Depuis leur victoire aux élections législatives le 7 juillet, les dirigeants du Nouveau Front populaire (NFP) ne cessent de promettre l’abrogation immédiate de la réforme des retraites qui a repoussé l’âge légal de départ à 64 ans. L’eurodéputée LFI Manon Aubry a même déclaré sur RTL le 8 juillet que cela pourrait être fait « en une heure par décret ». Selon elle, abroger cette réforme serait « la toute première chose que ferait notre nouveau Premier ministre ».
Toutefois, selon Jean-Paul Markus, professeur de droit public à l’université Versailles-Saint-Quentin-en-Yvelines, « abroger la loi par décret en une heure » est un non-sens juridique. Un décret ne peut légalement abroger une loi, et ce type de langage constitue un raccourci inadéquat. La situation devient d’autant plus complexe lorsque l’on examine les propositions concernant les décrets d’application, comme ceux évoqués par Clémence Guetté et Éric Coquerel, députés réélus du NFP-LFI.
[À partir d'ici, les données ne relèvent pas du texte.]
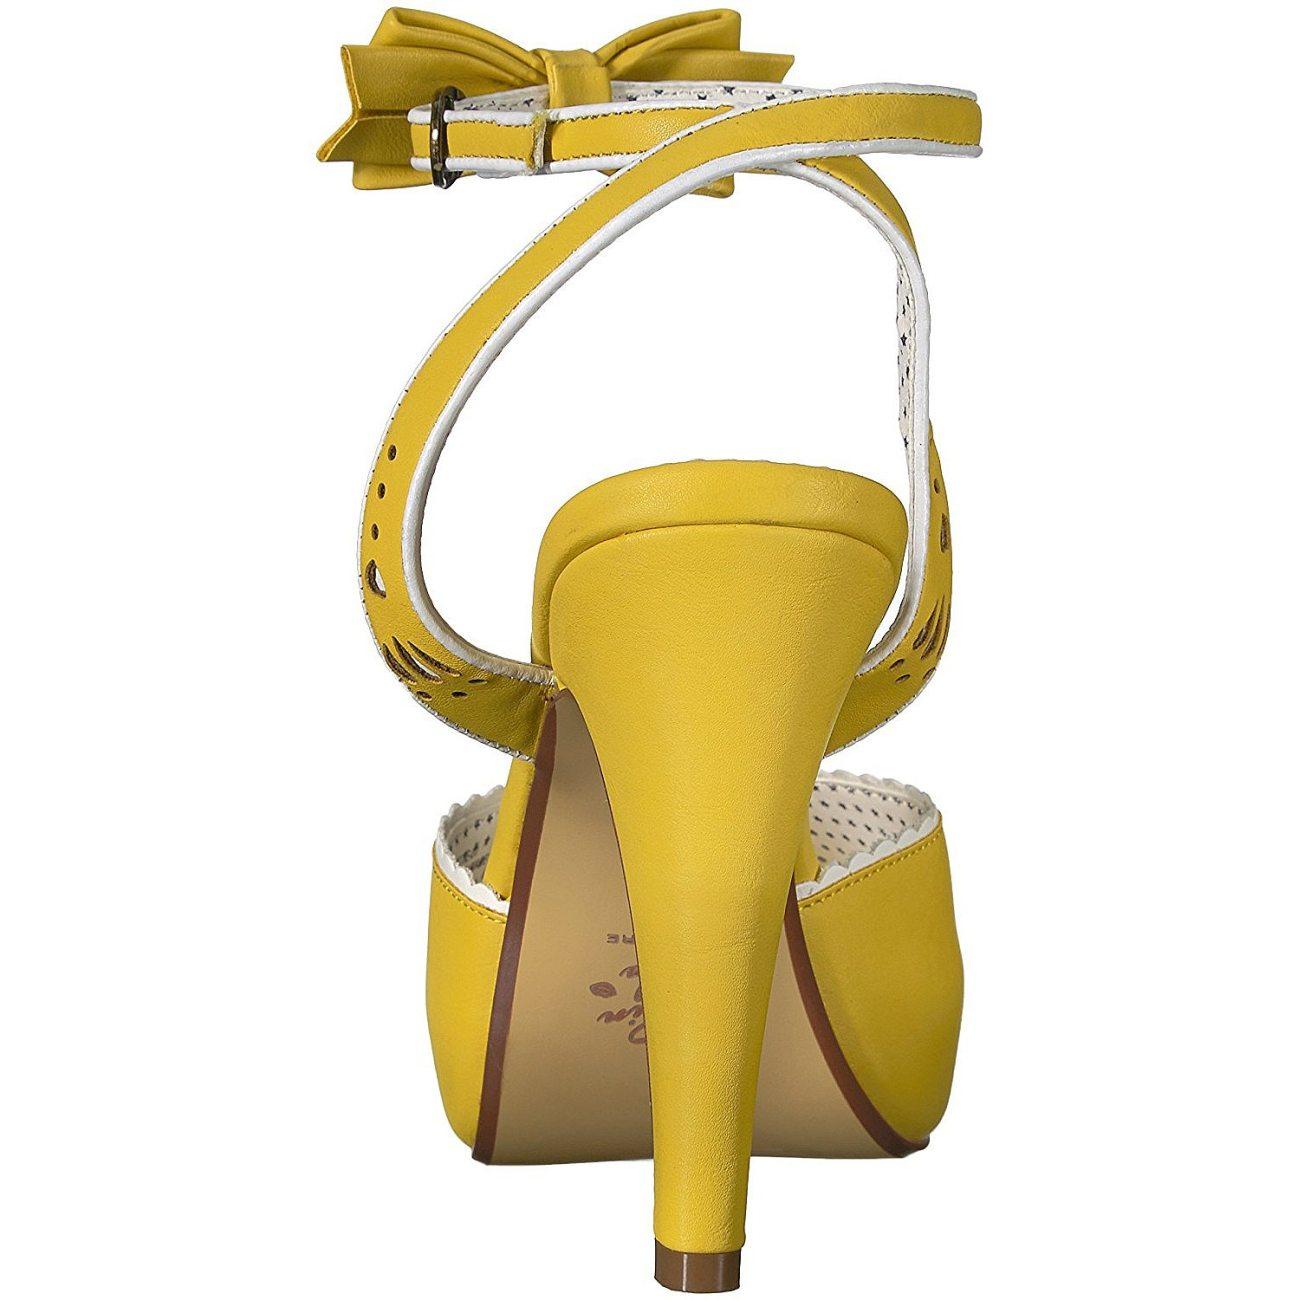 Giallo cm sandali spillo BETTIE 5 a 01 11 Pinup tacchi qzGVSULMp

Clémence Guetté a mentionné l’abrogation des décrets d’application de la réforme des retraites, mais cela pourrait réintroduire d’anciens décrets qui ne sont plus en conformité avec les lois actuelles. « Abroger les décrets d’application de la réforme des retraites ferait réapparaître dans l’ordre juridique d’anciens décrets », explique Jean-Paul Markus. Cette situation pourrait mener à l’illégalité, car ces anciens décrets ne correspondent pas aux objectifs de la loi de 2023.
Pascal Caillaud, chargé de recherche au CNRS en droit social, souligne que même si un décret est supprimé, les échéances légales demeureront applicables. « L’augmentation de l’âge légal, c’est trois mois de plus par année de naissance », rappelle-t-il. L’article L161-17-2 du Code de la Sécurité sociale, qui découle de la réforme de 2023, garantit que l’âge de départ pour les assurés augmente progressivement en fonction de leur année de naissance, rendant vaine toute tentative de modification par décret isolé.
Une autre option évoquée par Olivier Faure consiste à utiliser l’article 49.3 pour abroger la réforme des retraites. Bien que cela soit possible légalement, cela comporte un risque politique élevé. Un gouvernement NFP qui engagerait sa confiance sur cette question pourrait tomber en raison de l’absence de majorité à l’Assemblée nationale.
En conclusion, bien que la volonté d’abroger la réforme des retraites soit forte parmi les responsables du Nouveau Front populaire, les contraintes juridiques et politiques rendent cette tâche ardue et potentiellement illégale selon les spécialistes du droit.